[Source records]
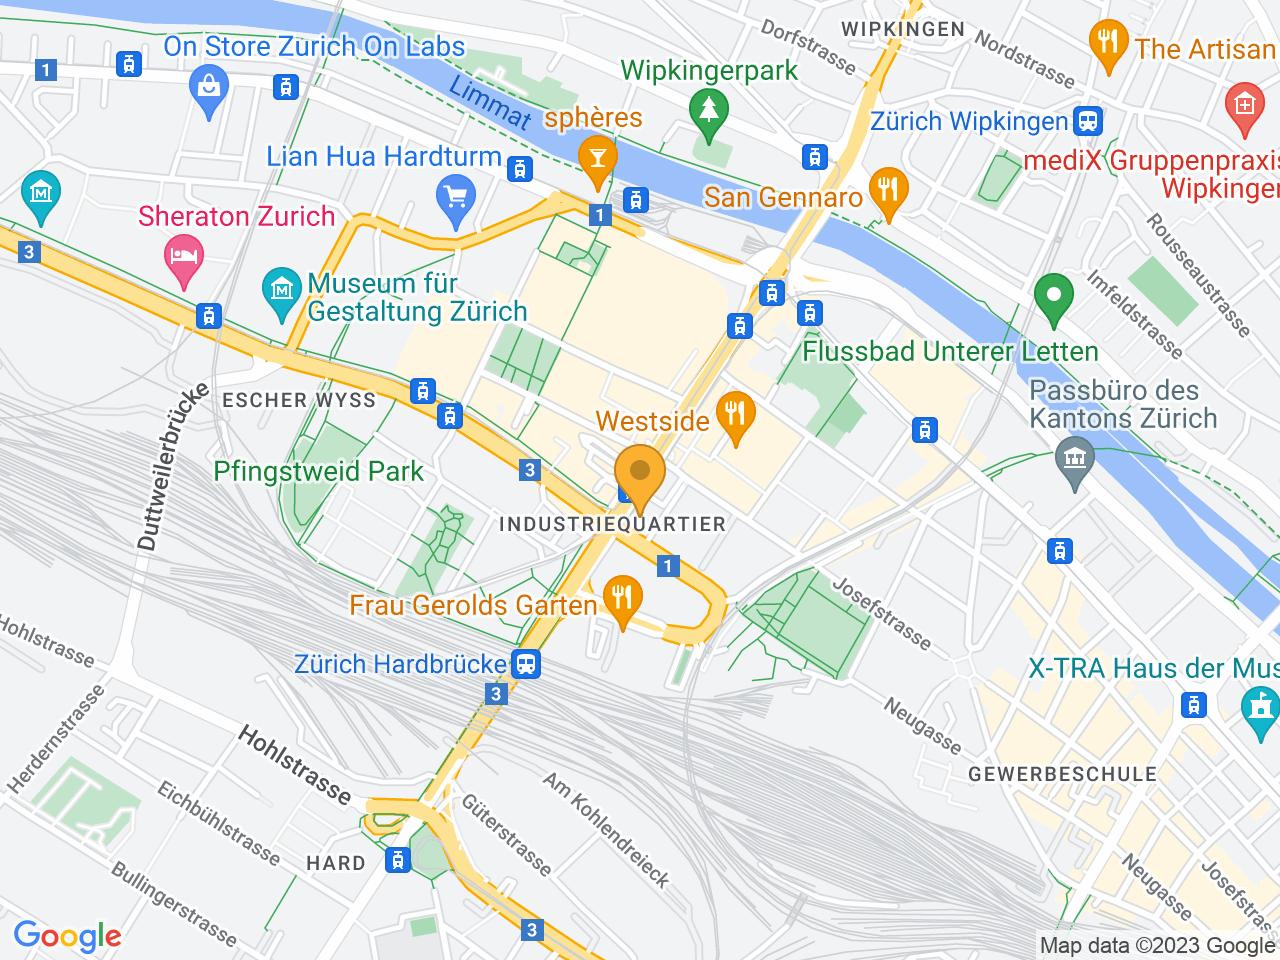 Hardstrasse 235, 8005 Zürich
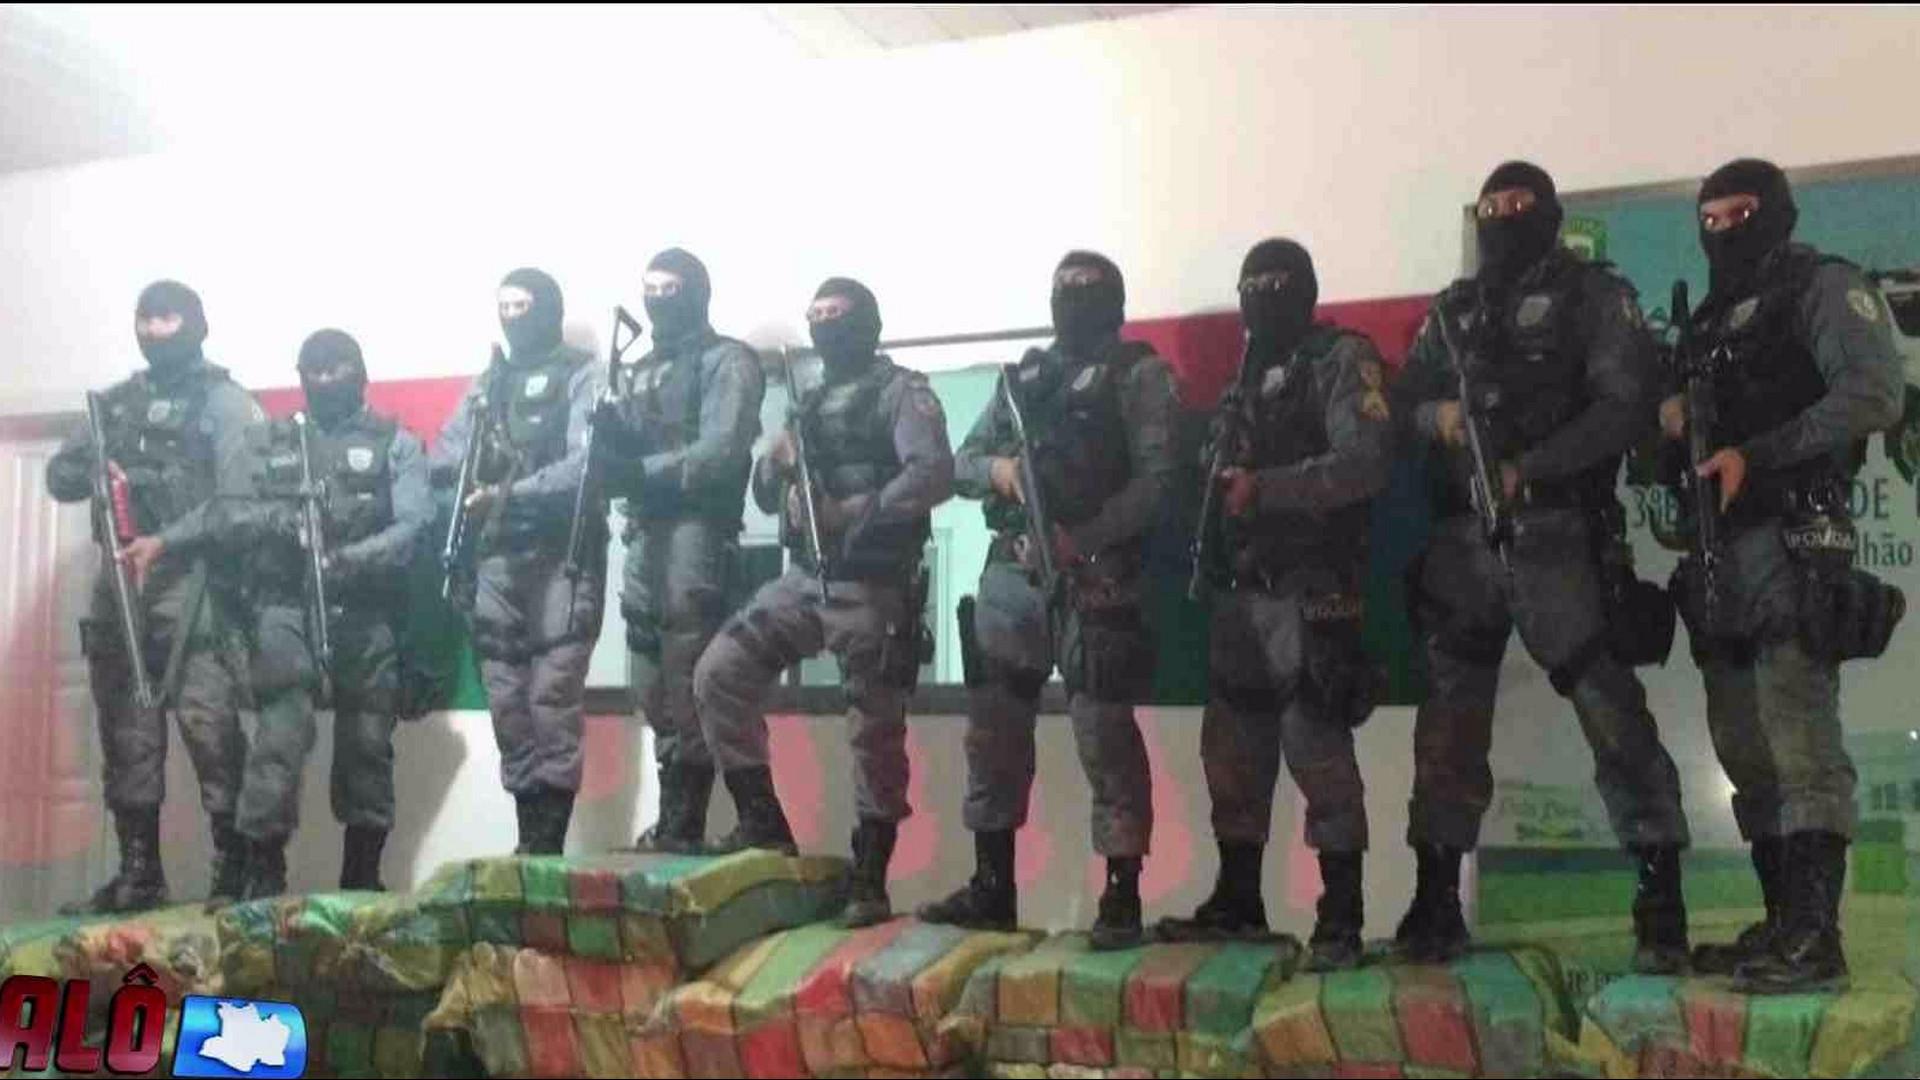 POLÍCIA APREENDE MAIS DE 1 TONELADA DE DROGAS EM MARAÃ - Alô Amazonas - 08/12/17
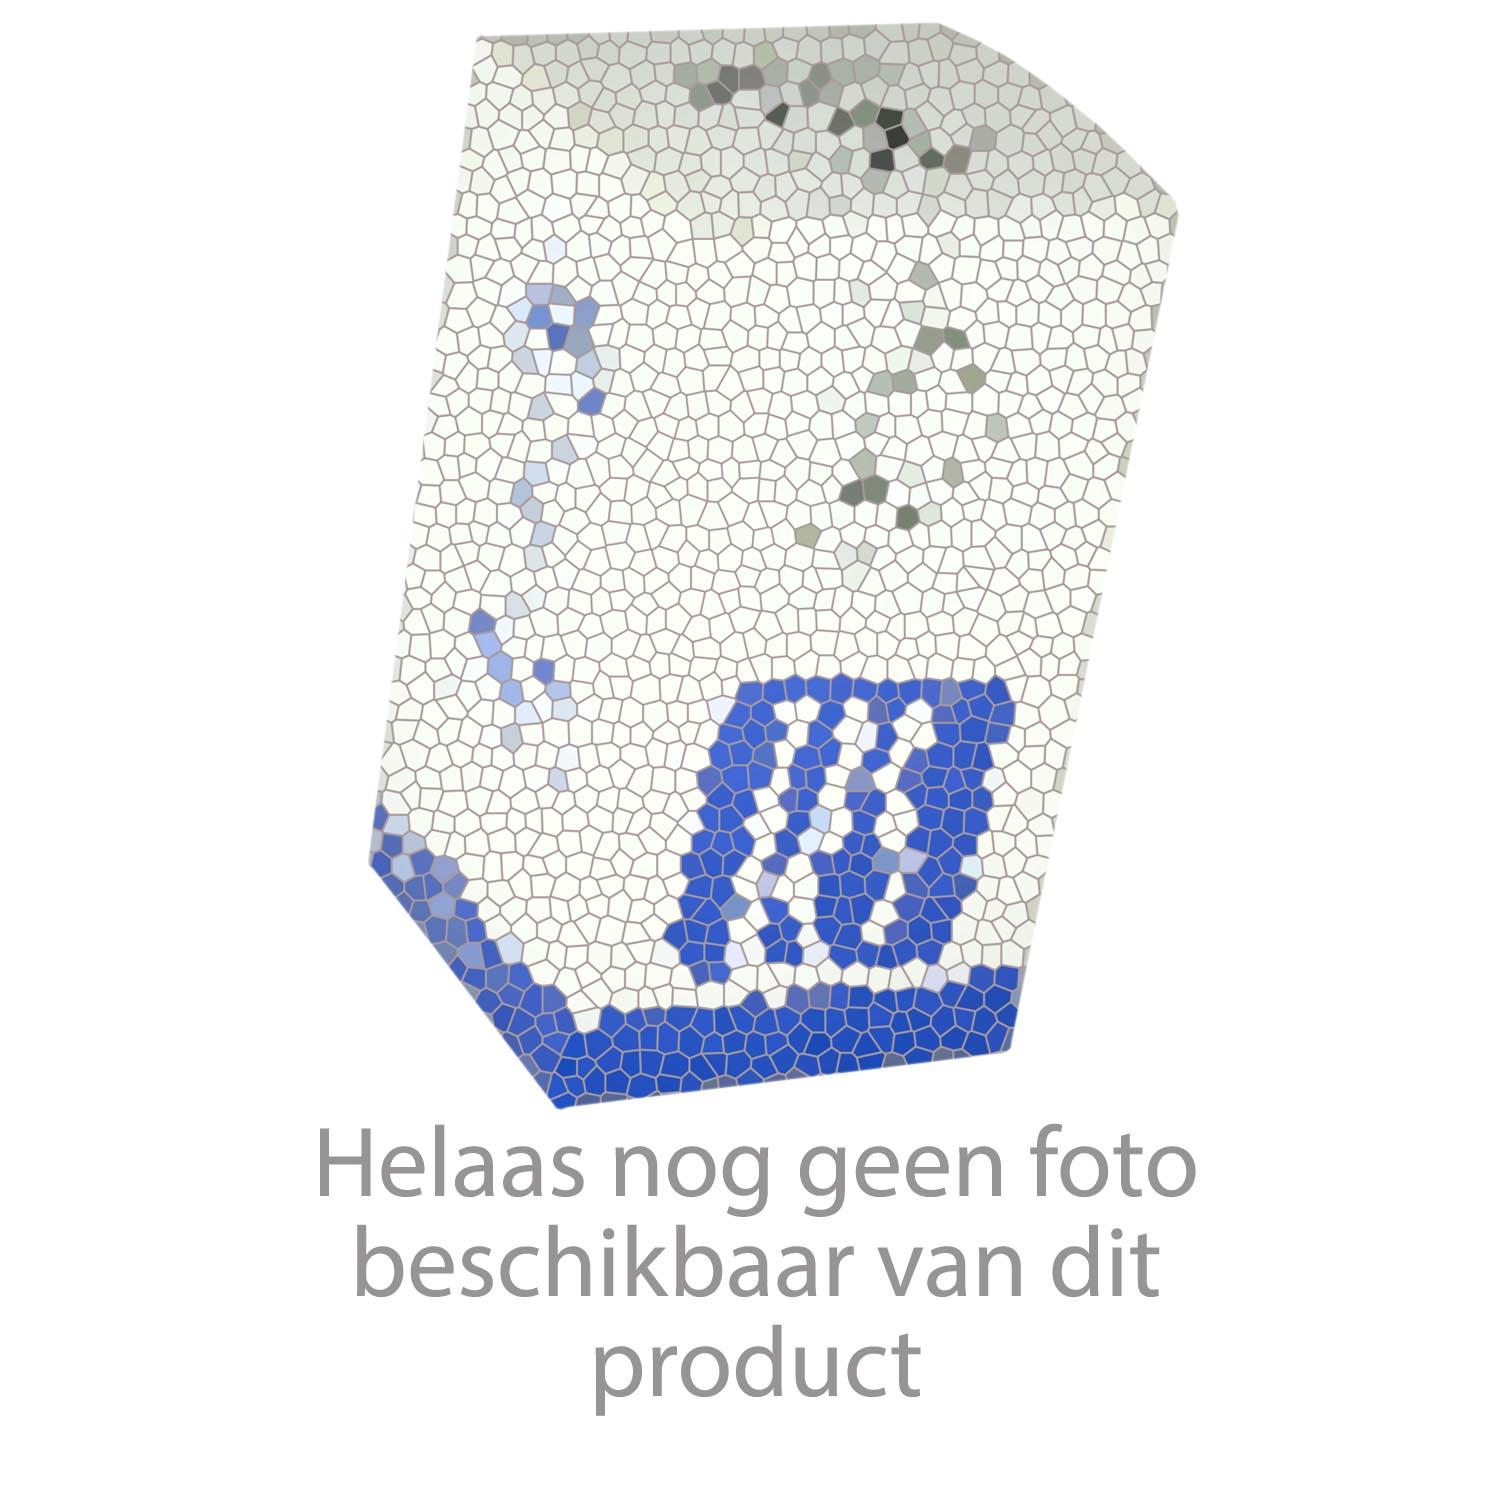 HansGrohe Keukenmengkranen Allegra Linea (Metropol) productiejaar 10/97 - 12/01 14808 onderdelen
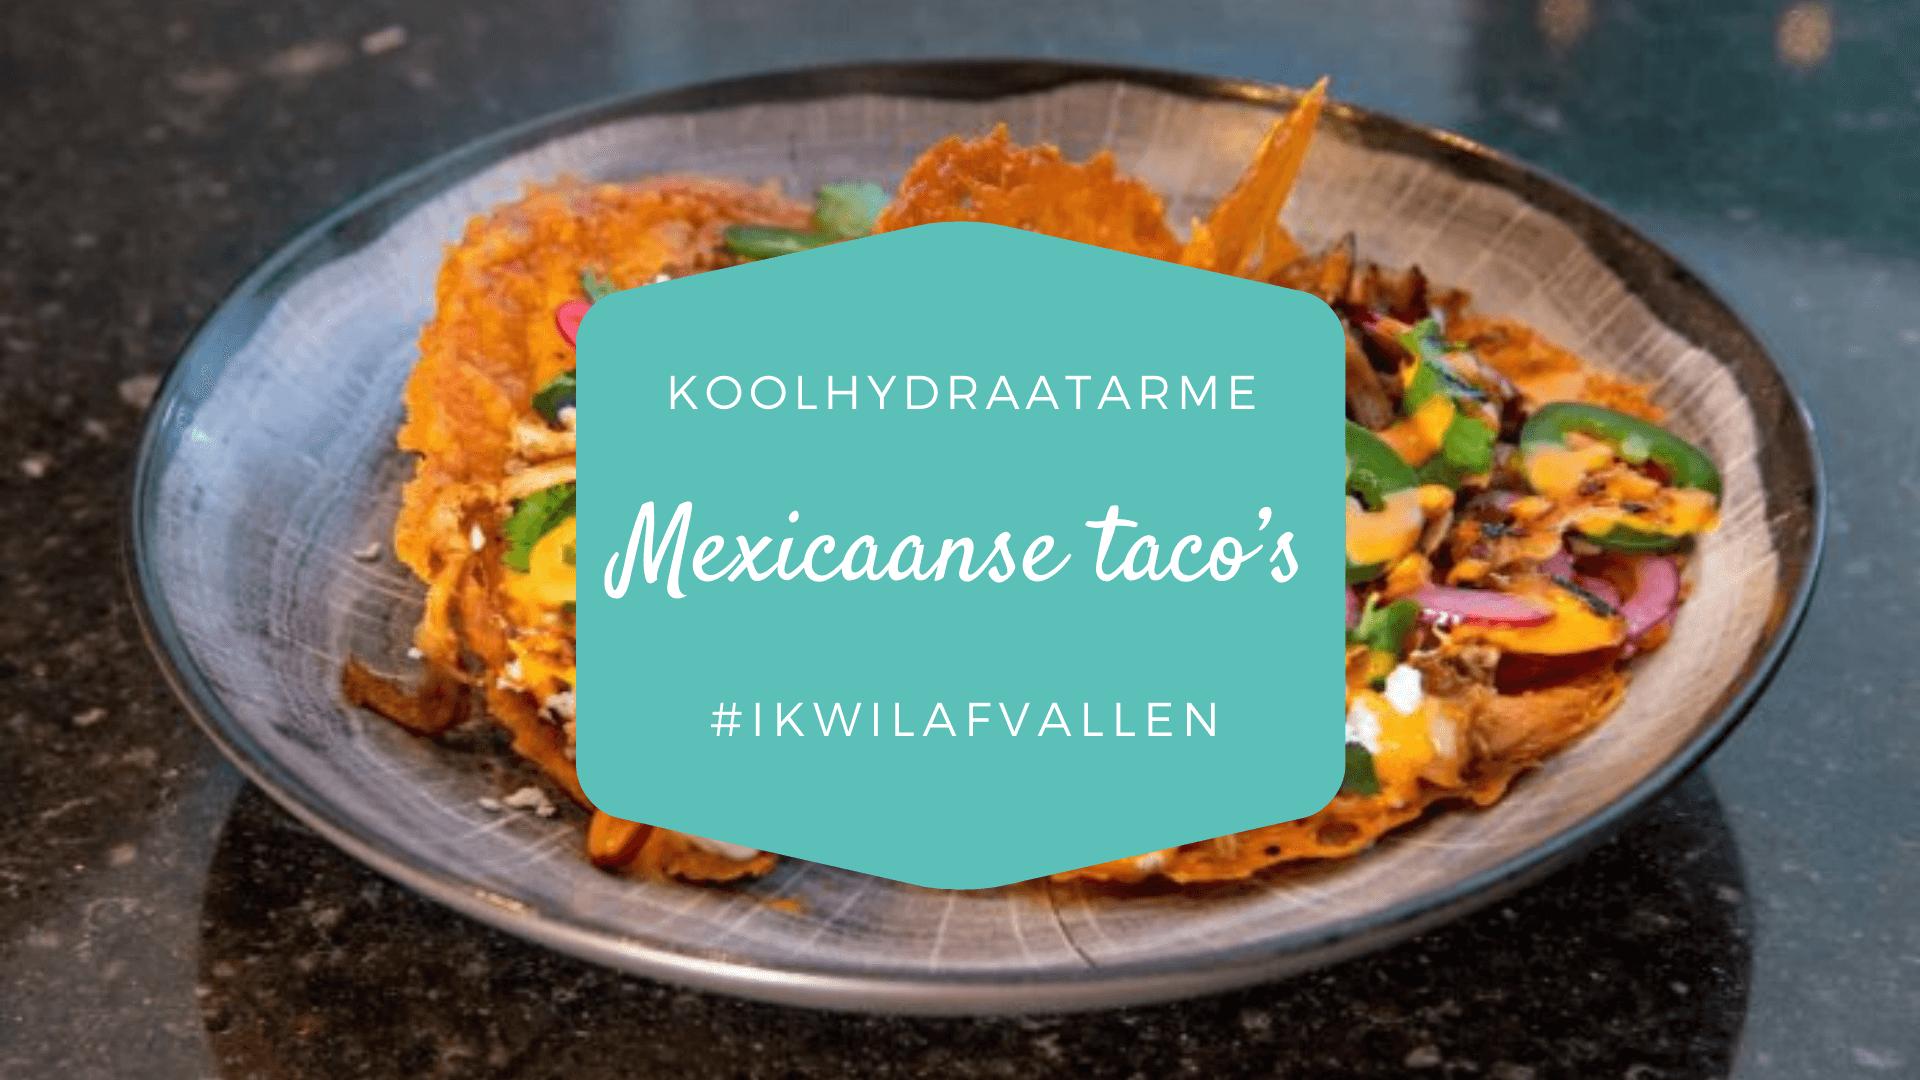 Koolhydraatarme Mexicaanse taco's
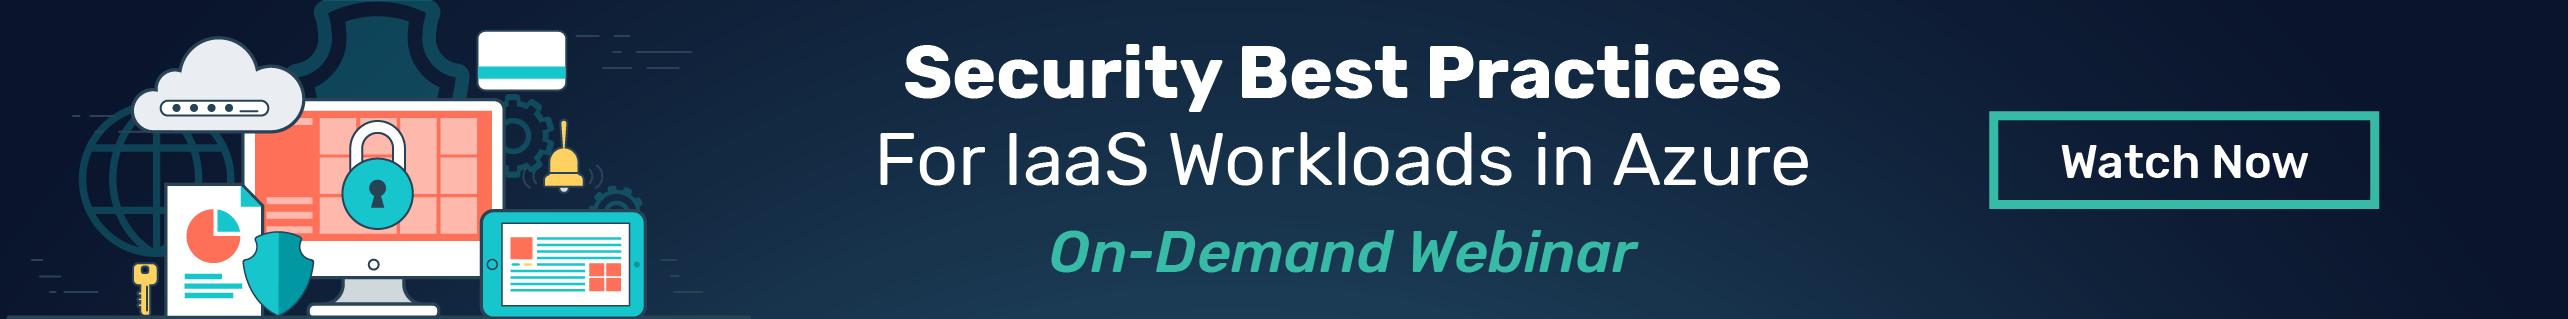 Security Best Practices for IaaS Workloads in Azure

What to produce ▸ Omit the pictures. Output every record above word for word.

Answer space ▸
 Hardstrasse 235, 8005 Zürich
 POLÍCIA APREENDE MAIS DE 1 TONELADA DE DROGAS EM MARAÃ - Alô Amazonas - 08/12/17
 HansGrohe Keukenmengkranen Allegra Linea (Metropol) productiejaar 10/97 - 12/01 14808 onderdelen
 Koolhydraatarme Mexicaanse taco's
 Security Best Practices for IaaS Workloads in Azure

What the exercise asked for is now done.